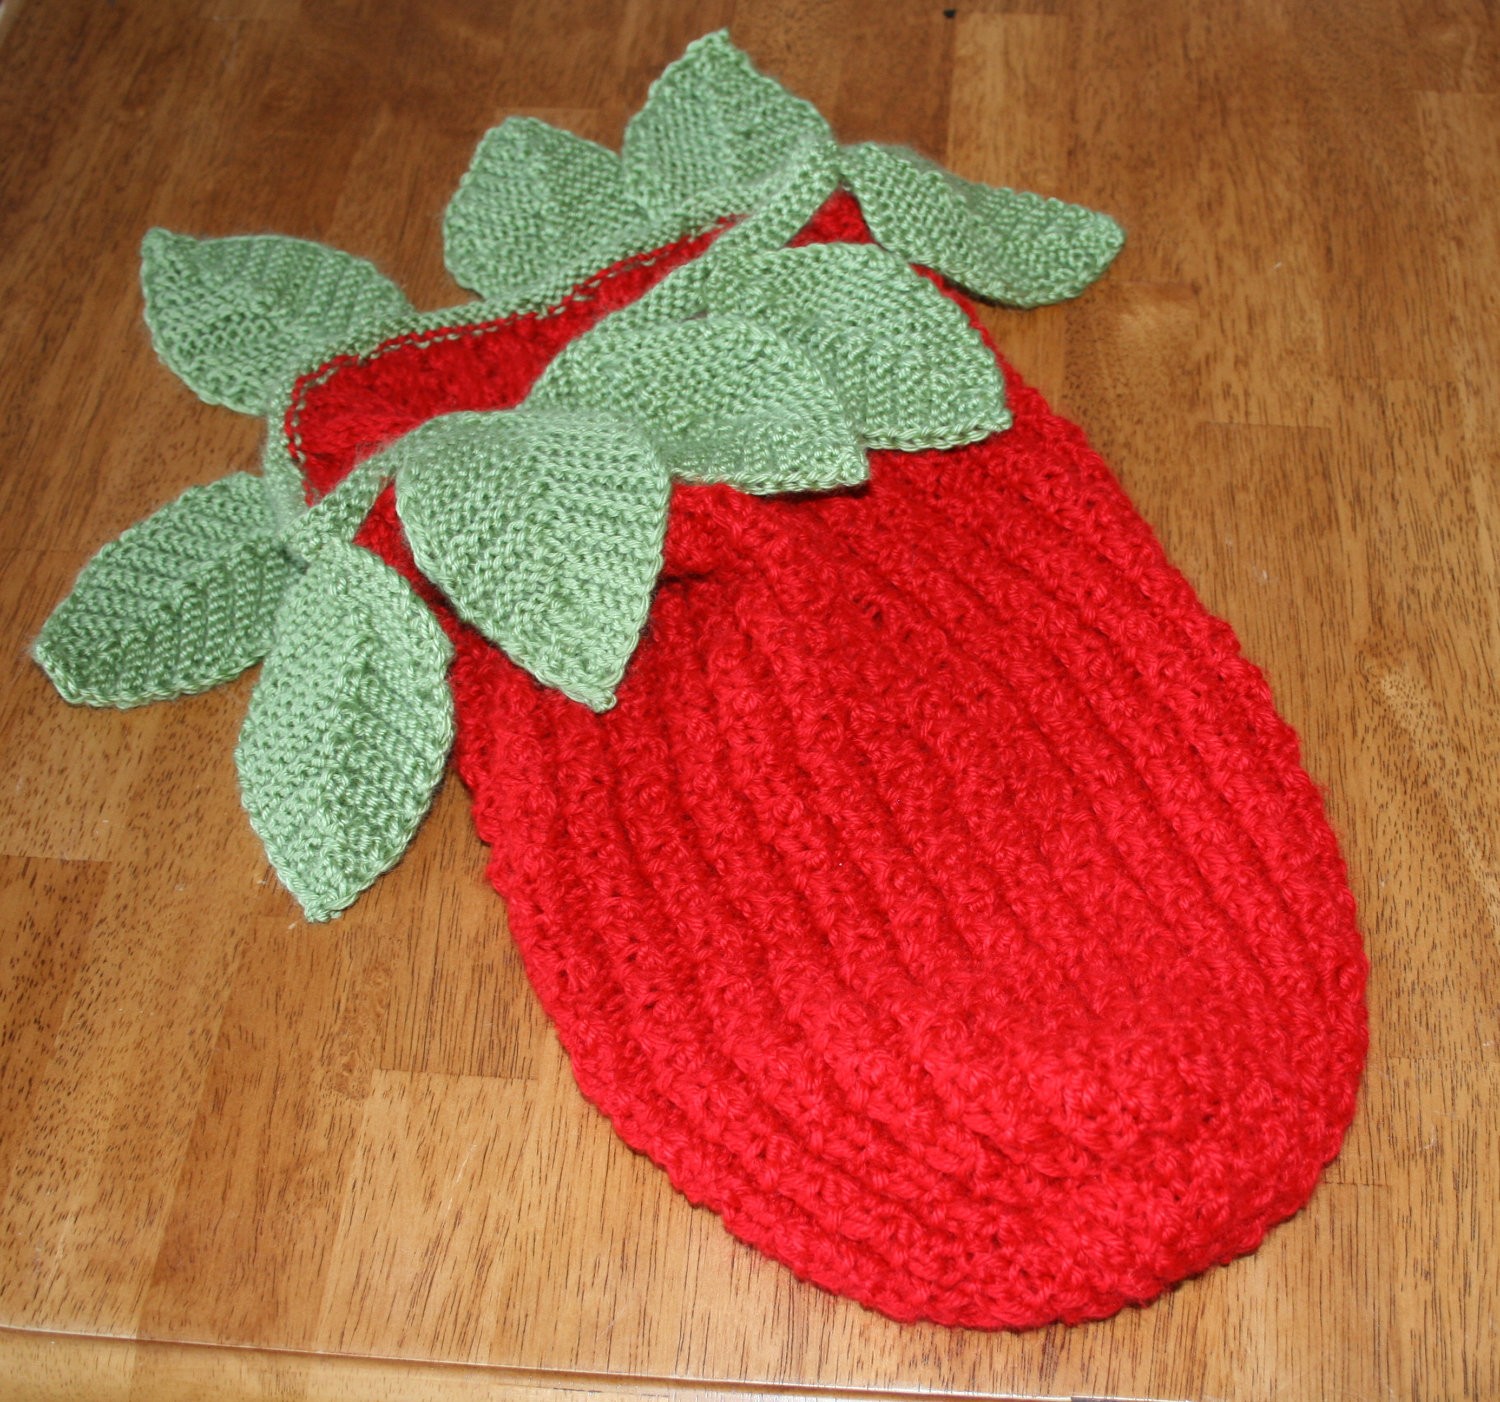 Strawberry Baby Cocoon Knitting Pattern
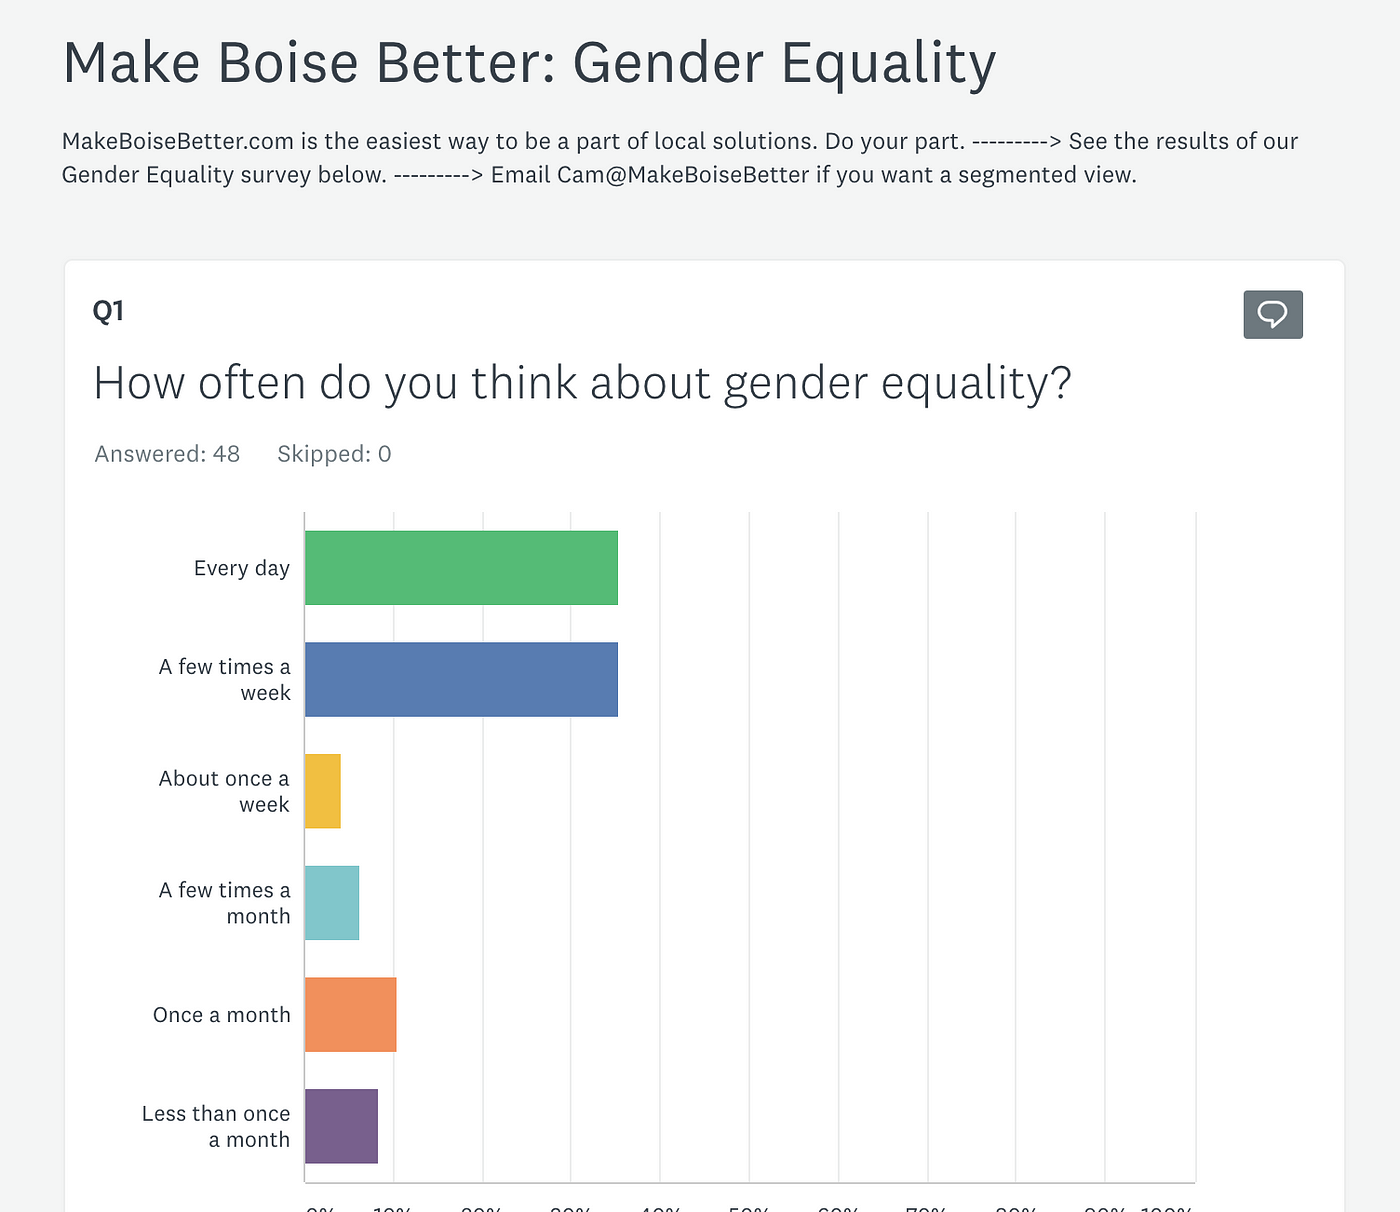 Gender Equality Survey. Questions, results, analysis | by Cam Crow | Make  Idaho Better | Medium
---
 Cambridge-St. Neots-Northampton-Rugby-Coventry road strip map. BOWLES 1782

### WHAT YOU NEED TO DO
Once the line with "Strawberry Baby Cocoon Knitting Pattern" is found above, transcribe each line from it through the line with "Gender Equality Survey.", exactly, and omit the pictures.

### ANSWER SECTION
 Strawberry Baby Cocoon Knitting Pattern
 Gender Equality Survey. Questions, results, analysis | by Cam Crow | Make  Idaho Better | Medium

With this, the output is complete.